The ongoing ‘polycrisis’ continues to affect businesses across different sectors. The inflation crisis, Brexit, supply chain delays, the war in Ukraine, pandemic recovery, labour and materials shortages, borrowing restrictions and ESG, as well as climate concerns, are all having a sustained impact on companies.

The response from many businesses has been to make operational adjustments, reflecting this onslaught of crisis events. Some have adopted a more cautious approach and now focus on core competences; others have been forced to innovate quickly. But the common factor is that all of this materially impacts on insurance.

For example, companies may choose to pull out of less profitable areas or be forced to because of staff shortages or there could be a consolidation or reorganisation of company locations.

Are your risks increasing?

Even where a company is consolidating, a more restrained approach does not always mean lower risk. Fewer sites or suppliers works against resilience in the event of a problem, while staff reductions may lead to cuts in risk management activities. Further, any changes to the client, product or service mix may shift contractual risks and take time to fully control.

In short, any change to a business should be considered for relevance to insurance, whether there is contraction or expansion or merely adjustment to reflect changed operating conditions.

Get on the front foot

Any business should be proactive when it comes to disclosure, as simply answering set questions provided by the insurer is not necessarily enough and could leave your business exposed.

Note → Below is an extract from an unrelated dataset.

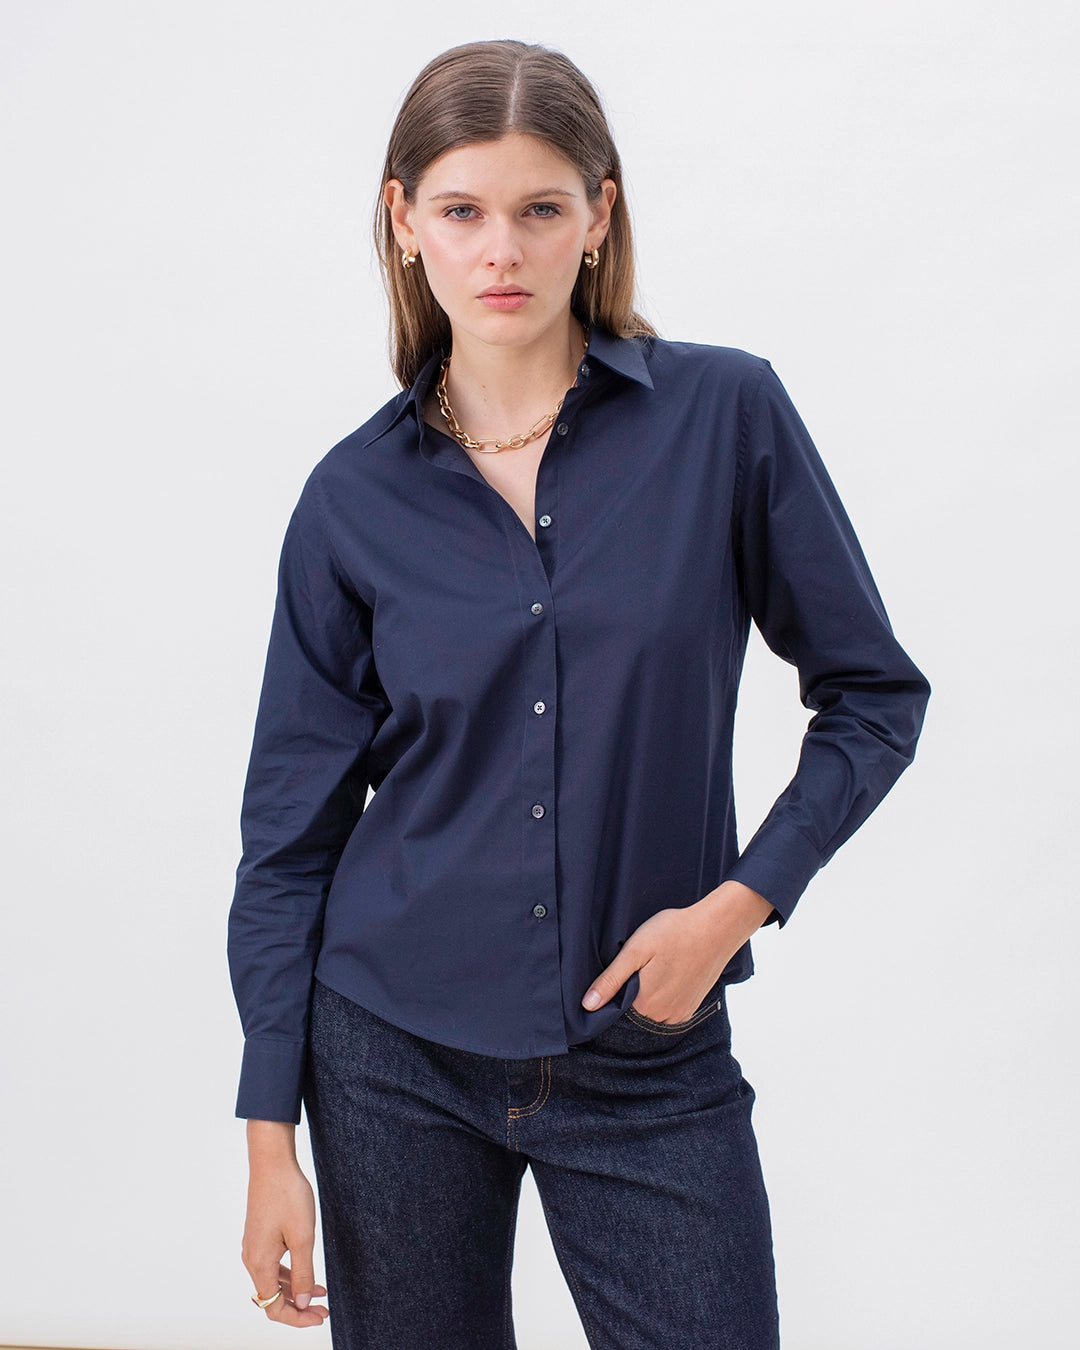 shirt-hudson-night-blue-italian-collar-poplin-cotton-knit-woman-1

Working with your insurance advisers, you should consider the extent of necessary enquiries across your business to identify relevant changes and provide supplementary information that goes beyond the insurer’s standard proposal forms and questionnaires wherever this information is not adequately catered for.

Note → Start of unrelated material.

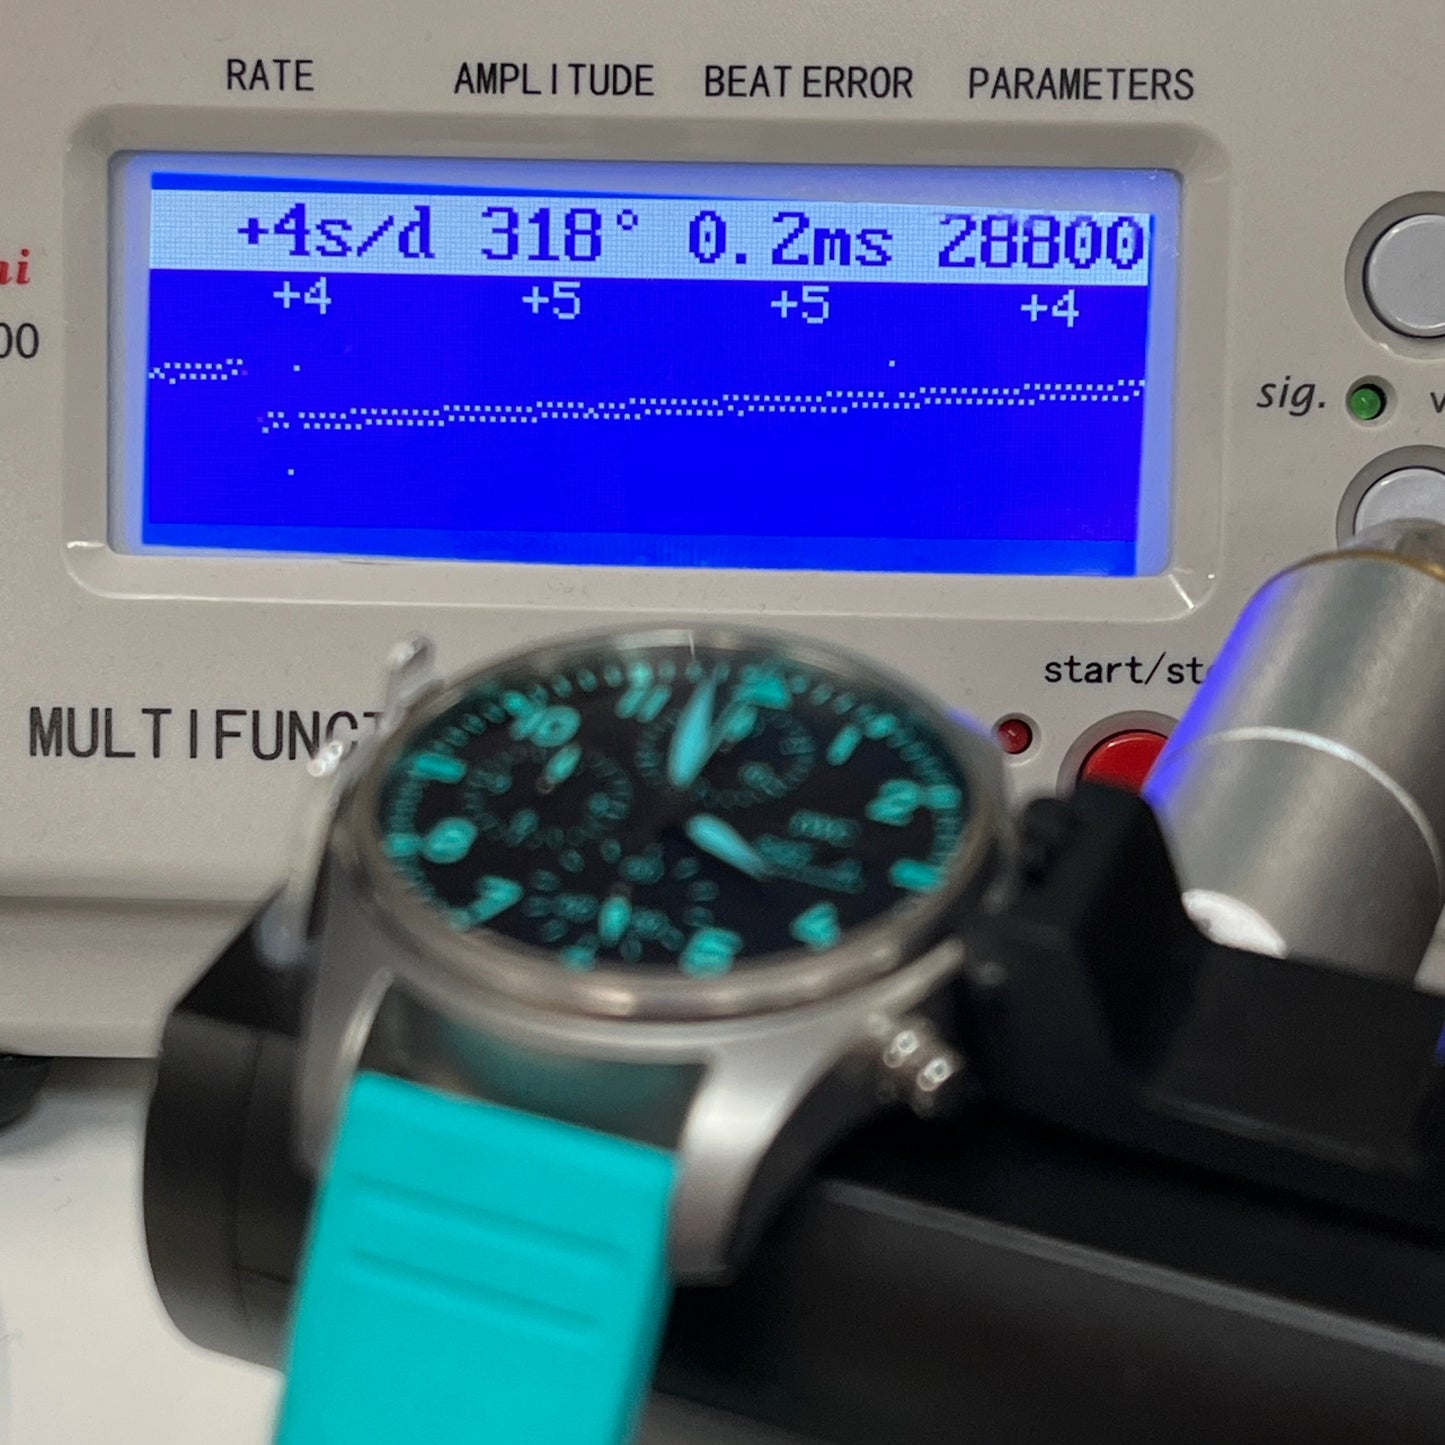 IW388108　Pilot watch chronograph 41 MERCEDES-AMG PETRONAS FORMULA ONE TEAM　2IWC01-00291

This is necessary because on an increasingly frequent basis, claims are disputed when the insurer alleges that insufficient information has been provided at the time cover is taken out.

A proposal form may appear relatively straightforward, but therein lies the danger. An insurer may only ask a bare minimum, yet if they do not gain the full picture then this can store up problems that will surely resurface if there is a claim.

Although providing more detailed answers may seem like a lot of work, it does bring benefits, and not only in terms of having reliable insurance protection.

Even if you never have to claim, companies that provide more information on how they manage risk will obtain lower premiums and be in a position to negotiate better cover. It also creates scope to adapt any policy terms and exclusions which are inappropriate for your business.

What an insurer needs to know

So, simply ticking the boxes on a proposal form is not enough. We have also already pointed out that strictly adhering to the ‘yes/no’ route on forms should also be avoided. It is much better to answer with a ‘maybe’ if there is some uncertainty and to provide extra detail as to why this is. Again if the answer is ‘no’ and this may raise a red flag to an insurer, then provide commentary as to why this is the case and to how related risks are managed  – such as in explaining alternative workarounds to the risk concern the question relates to.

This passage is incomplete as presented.